Zdenka Sokolíčková is a teaching and research associate at the Department of Studies in Culture and Religion, University of Hradec Králové, Czech Republic. In 2019–2022 she was a guest researcher at the Department of Social Anthropology, University of Oslo, mentored by Thomas Hylland Eriksen. Since 2021 she has worked as a postdoc at the Arctic Centre in Groningen, the Netherlands. Her research interests lie in the fields of anthropology of climate change, the Arctic, tourism, and migration, as well as transdisciplinary research on Svalbard’s environmental memory.
Sverker Sörlin is a professor in the Division of History of Science, Technology and Environment at the KTH Royal Institute of Technology, Stockholm, where he also works with the KTH Environmental Humanities Laboratory. His current work includes the science politics of the cryosphere, climate change, and the Anthropocene. He has had a long career as a government advisor on research and environmental policy and served in the 2000s as the President of the Swedish Polar Committee and the National Committee for the Fourth International Polar Year. Among his books on Arctic topics are the edited Northscapes: History, Technology, and the Making of Northern Environments (UBC Press, 2013), Science, Geopolitics and Culture in the Polar Region (Ashgate, 2013), and Ice Humanities: Living, Thinking and Working in a Melting World (Manchester University Press, 2022).
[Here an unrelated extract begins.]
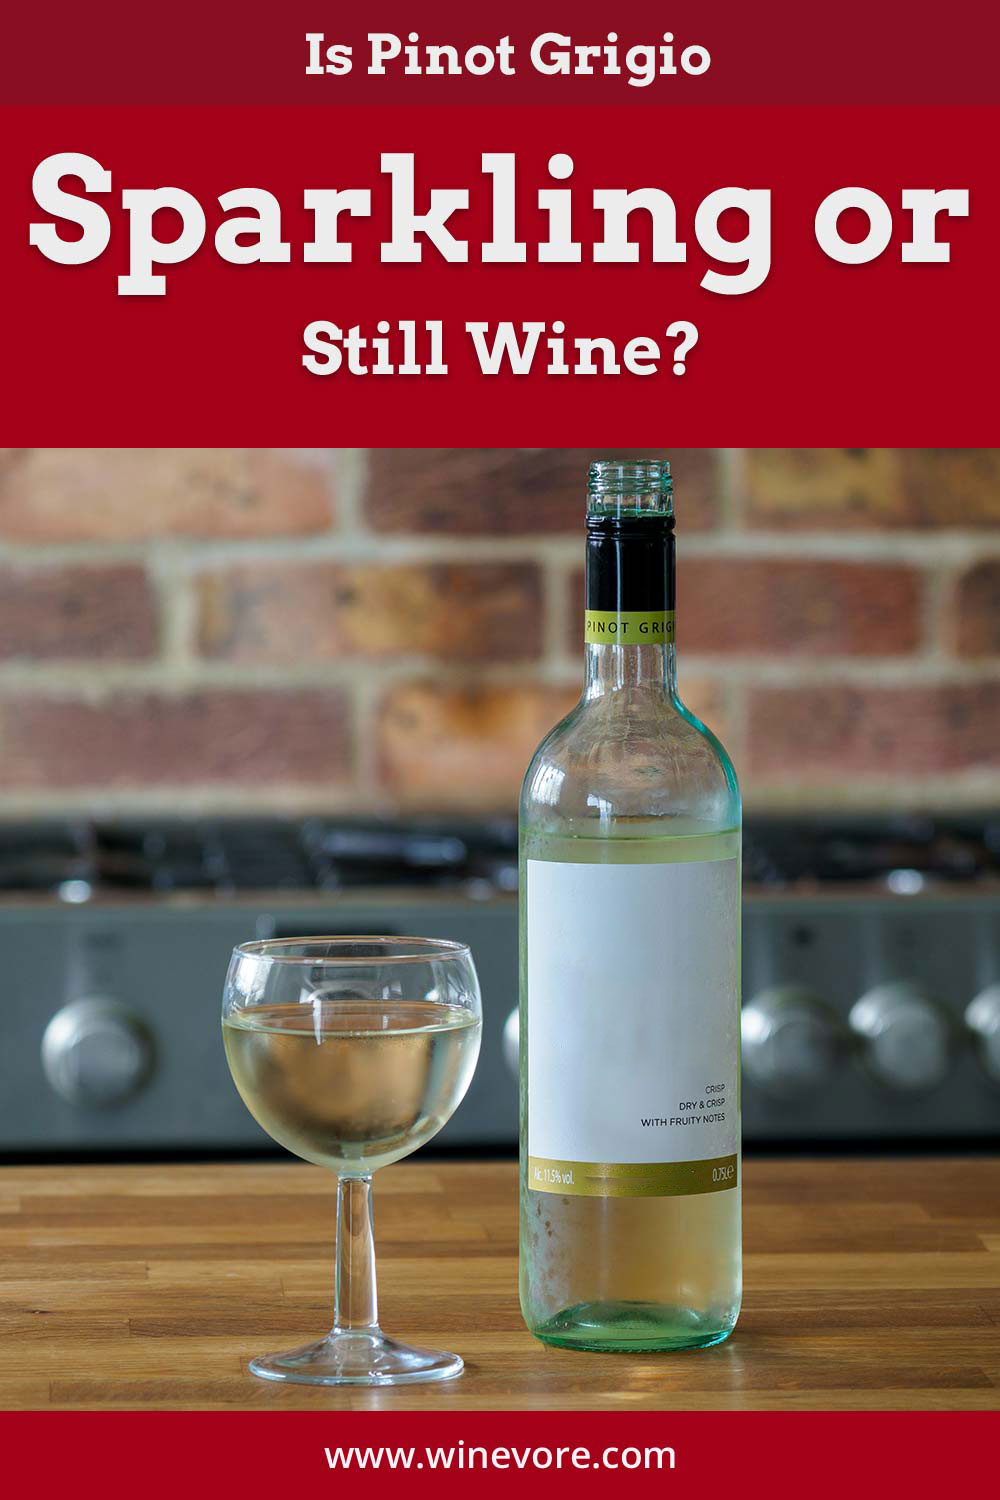 A wine bottle and a glass in front of a stove - Is Pinot Grigio Sparkling or Still Wine?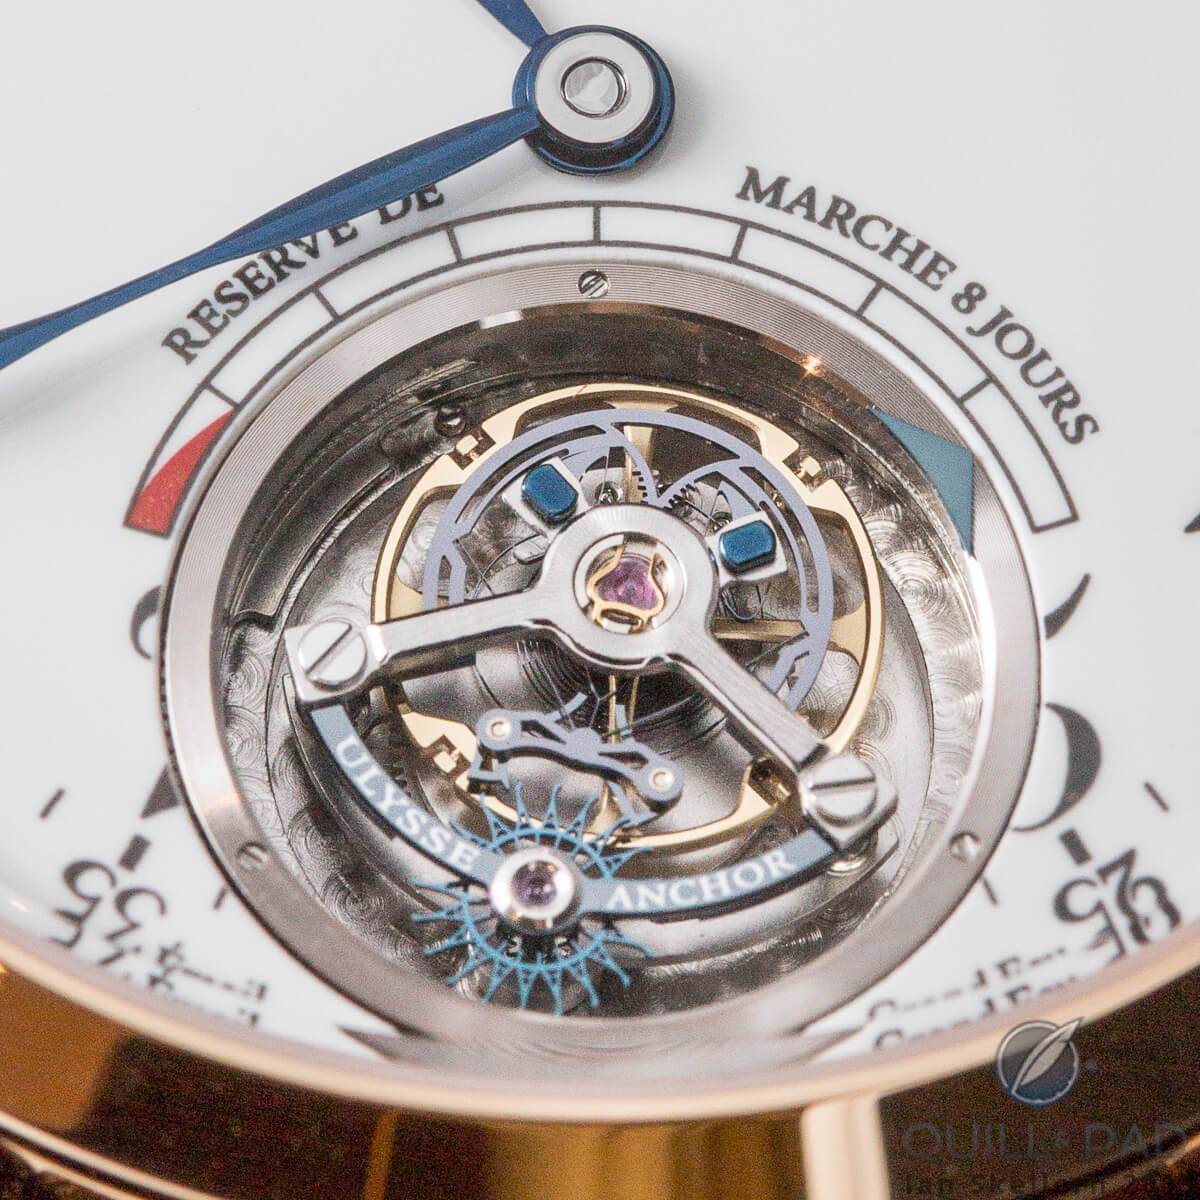 Close up look at the tourbillon and escapement of the Ulysse Nardin Anchor Tourbillon

Leena Suopajärvi works as a university lecturer in the Faculty of Social Sciences, University of Lapland, Rovaniemi. She is also an adjunct professor at Oulu University, Faculty of Technology. Her special field is environmental sociology, especially themes related to natural resource governance from the point of local people in Finnish Lapland. In recent years, she has participated in numerous multidisciplinary projects and, for example, studied social impacts of mining and social license to operate (SLO).
Kirsten Thisted is an associate professor in the Minority Studies section, Department of Cross-Cultural and Regional Studies, University of Copenhagen. She works across the disciplines of literary theory, language, history, and cultural studies, with a focus on how asymmetric power relations are negotiated. Her research has focused on the (literary) history of modern Greenland and Greenland–Denmark relations. She led an interdisciplinary project resulting in the two-volume work Denmark and the New North Atlantic – Narratives and Memories in a Former Empire (ed. with Ann-Sofie N. Gremaud, Aarhus University Press, 2020).
Camilla Winqvist is a PhD student in the Division of History of Science, Technology and Environment at KTH Royal Institute of Technology, Stockholm. Her thesis aims to explain under what circumstances legacies from mining in the past can become resources for communities in transition in the Fennoscandian Arctic. Her work explores different forms of re-use, environmental remediation, and ways to create new sources of income at abandoned mining sites. Winqvist uses methods and sources from history and archaeology, combining archival research, interviews, and field work at abandoned mining sites.